The food is not all that’s changed. Recently my friend had a dispute with a neighbor who was a new member. Trying to talk with him about the issue didn’t seem to help, so she requested mediation, with another long-time community member as mediator. During the mediation it became clear to my friend and the mediator that the new neighbor had no idea how to communicate in an open, honest, self-revealing way, as founders and longer-term residents had learned to do. He maintained the position that my friend was essentially an unreasonable person who shouldn’t want something different than he did, and he was blameless as a party to the dispute. Not only did the mediation fail, but then the new neighbor convinced other new residents that my friend was “strange” because she wanted this “weird” mediation. The founders and other long-term residents know this is nonsense, of course, but the new ones believed it. No touchy-feely crap for them!

My friend still has a better life in her cohousing community than she would if she lived in mainstream housing. She’s surrounded by neighbors who look out for each other and her son. Her home is more secure than it would be elsewhere, and she’s still safer walking to her car than she would be if she lived somewhere else. Her son still loves the neighborhood and he still has plenty of children to play with.
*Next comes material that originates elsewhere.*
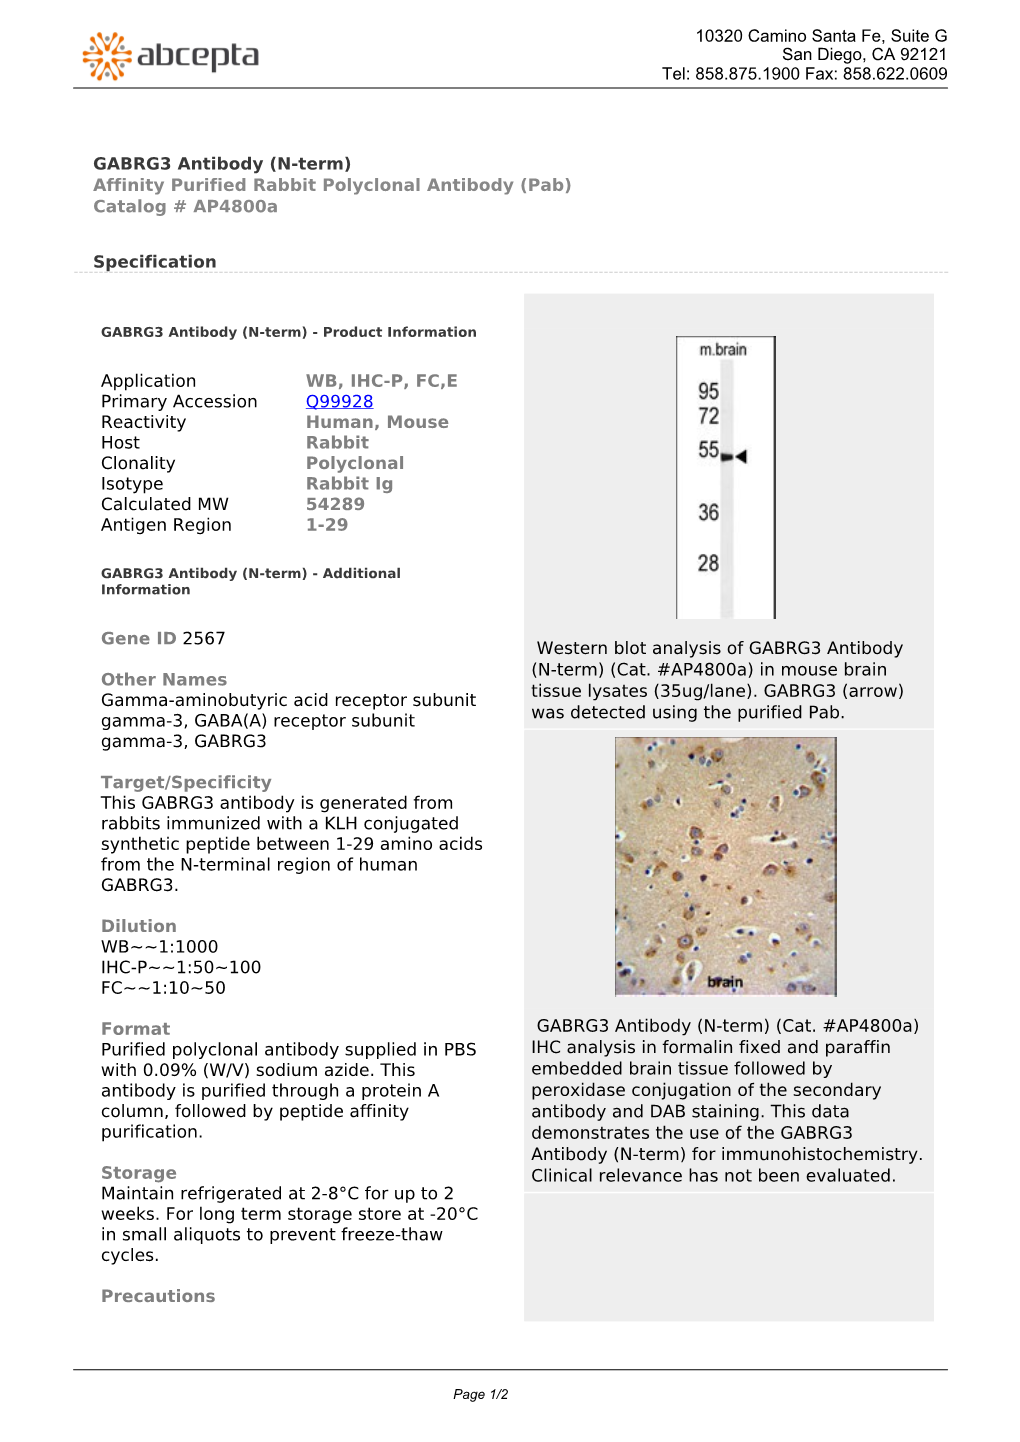 GABRG3 Antibody (N-Term) Affinity Purified Rabbit Polyclonal Antibody (Pab) Catalog # Ap4800a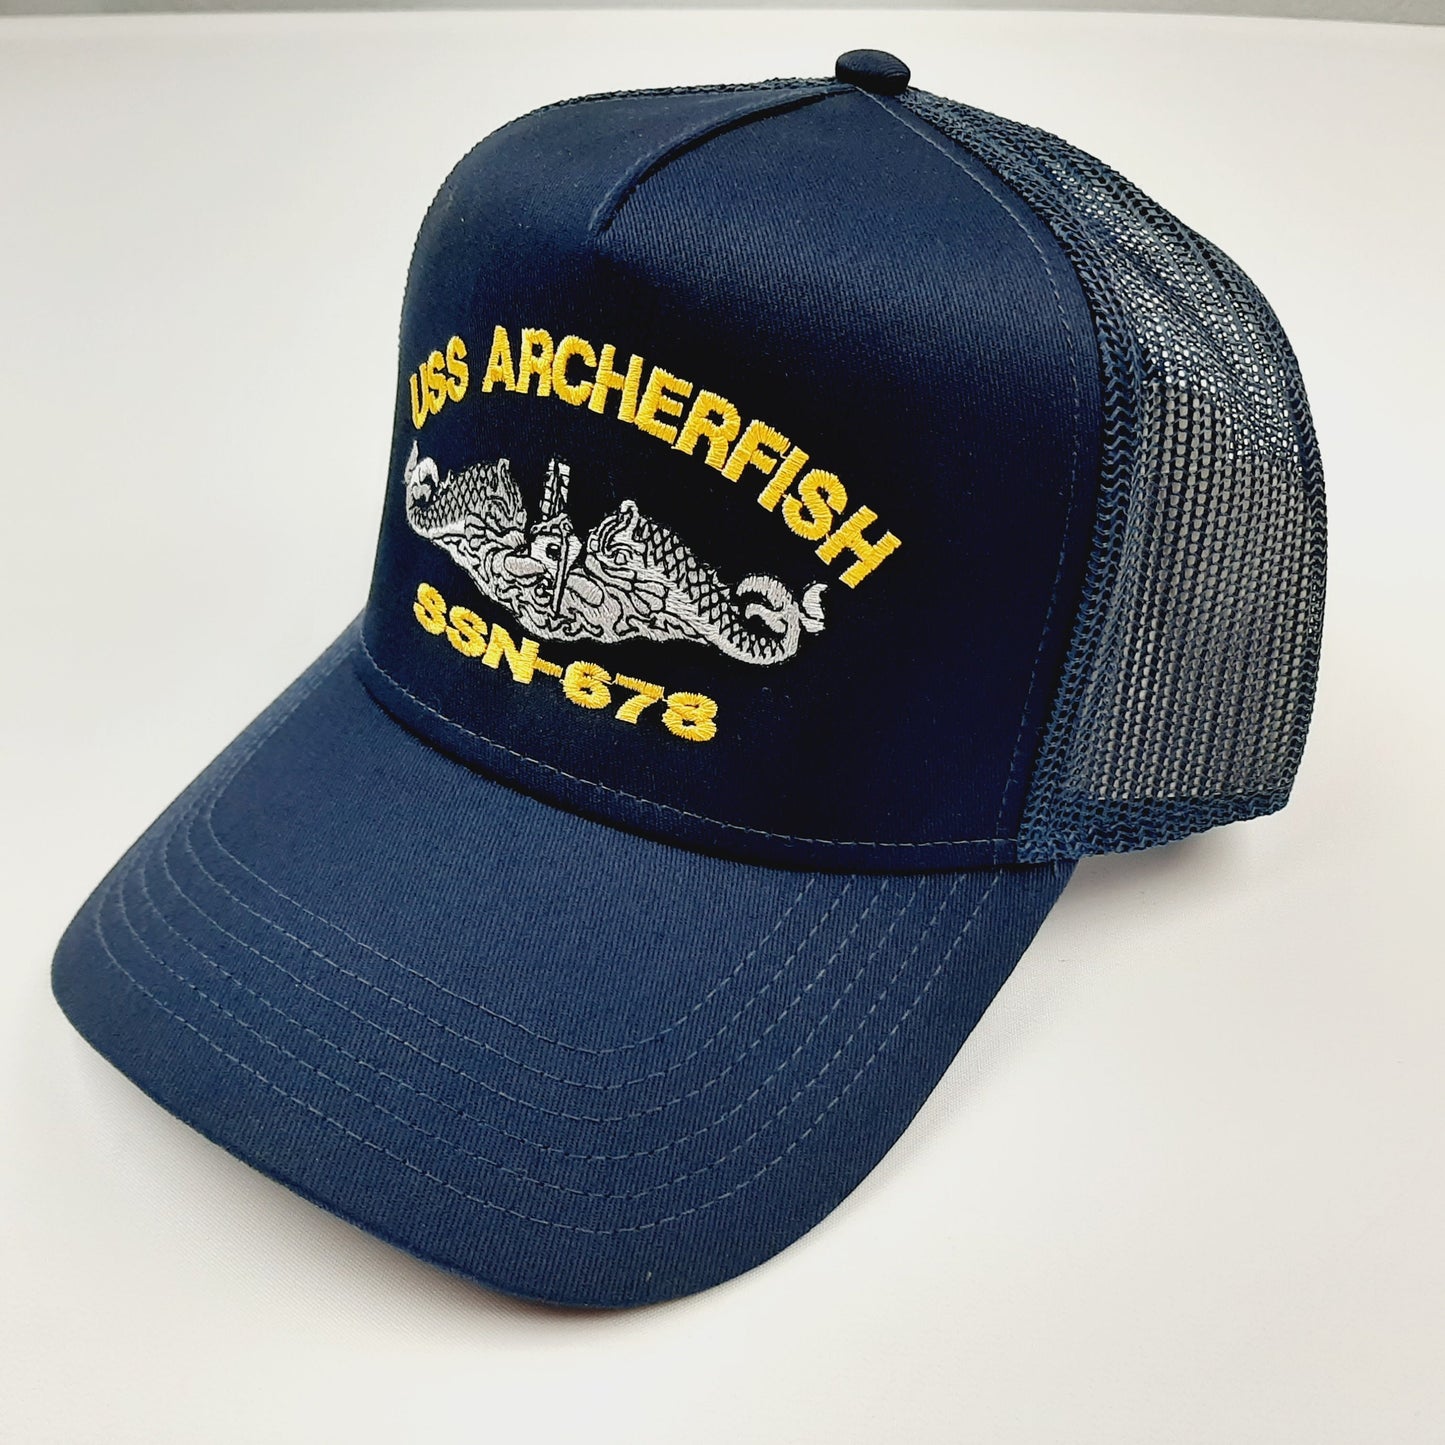 USS Archerfish SSN-678 U.S Navy Ship Boat Hat Cap Mesh Snapback Blue Curved

A community’s culture changing like this is no one’s fault, but it is significant. So I hope that you would have other reasons for joining your new community besides that it’s “your kind of people” and “your kind of culture.” I would hope you also love the location and the community’s beauty, comfort, and amenities. Because even if its culture does change, in your new cohousing community you’ll still have the opportunity to live in a much more open, trusting, and secure way with neighbors than most people in the US.